Sea battles are now simple. They happen at sea instead of on the coast, whenever you try to move ships to somewhere that someone else already has some. There's no modifier for distance from bases or the like, and it's a straight fight between the ships that are visible on the map. Armies don't count in naval battles (even though they probably should in Medieval Empires).

TROOP CONVOYS

There are two ways of moving armies at sea. They can move normally through sea spaces if the sea spaces are occupied by your ships (at least as many ships as armies). They can even move from one sea space to another (if there are enough ships in both spaces). Ships and armies can also move together, both at sea and between the sea and your naval bases.

SEABORNE LANDINGS

Attacking from the is simpler as well. All you have to do is get your ships and armies to the sea space you want to attack from, and then order the armies to make an atack the same way as they would on land.

NAVAL RESERVE

Your naval reserve now works the same way as your army reserve. It's just a way of collecting up the strays that get dispersed and paying some of your ship building costs ahead of time. All you can do with ships in your reserve is place them in naval bases. You can't drop them in the middle of the ocean somewhere (this is different from Dark Age and Barbarians at the Gate).

NAVAL BASES

In Dark Age and Barbarians at the Gate you don't have to consider where your ships are based. In the days when a warship was just a boat full of fighting men they could be based in any river mouth, bay, beach or island. In later times the location and defence of naval bases became a key aspect of naval strategy, so I've kept them as a central feature of the rules in Empires. If we used the Dark Age rules in World Empires, for example, then a country on one side of the world could place a fleet on the other - a Japanese fleet in the North Sea, or an Italian fleet in the Pacific.

Under the new rules in Empires you can build a naval base anywhere you can reach with your armies (and your armies can reach anywhere your navy can be found). So it's still possible to sail all the way way around the world, but you'll have to do it one space at a time. When you build a new base you can't use it until the next turn, and the number of ships you can build in it each turn is limited. Then there's another delay until the next turn (at the earliest) before the ships can move.

BLOCKADE

In the meantime your opponent can see what you're doing. By the time your fleet is ready to sail, there might be an enemy fleet sitting outside the entrance of your naval base. Each base has a single entrance, so that someone else can sit outside and blockade you if they wish. You can't sneak off down the coast or pop out somewhere unexpected.

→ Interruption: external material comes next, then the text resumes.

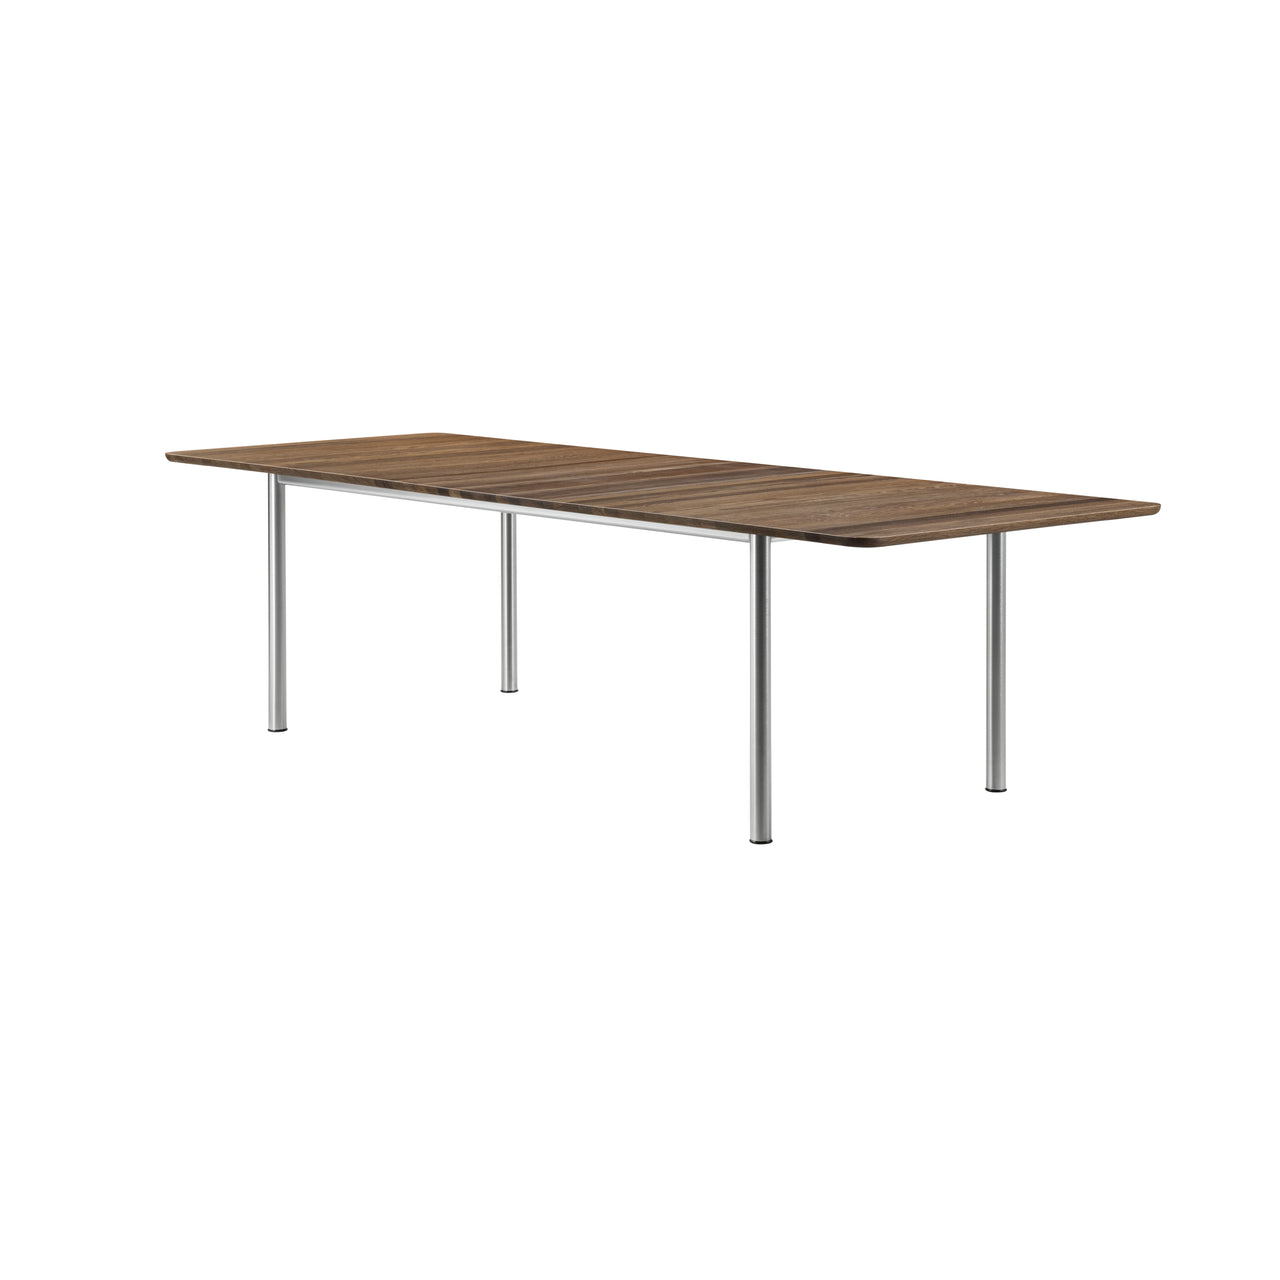 Plan Extendable Table: Smoked Oiled Oak + Brushed Steel

COSTS, SUPPLY & DISPERSALS

Although the location of your naval bases no longer has any effect on naval battles directly, they will affect your ability to get your ships to where they're wanted. The cost of a sea move is increased by the distance of the ships from their base (the one they came from, not the nearest one). The further you go, the fewer BPs you going to have left over to spend on other stuff. The supply cost for ships at sea at the end of the turn is also increased by the distance from their base.

If ships can't trace a route to their base (because it's been captured or closed) then they suffer dispersal instead (not just at the end of the turn, but on every sea move they make as well - and the dispersal also applies to any armies they're carrying). On the other hand, if they can trace a route then they don't disperse at all.

You can operate your ships a long way from their bases, and you can keep your ships together when they're far from home. But it's a lot more expensive, and you'll find your navy is a lot more cost effective if there's a base nearby.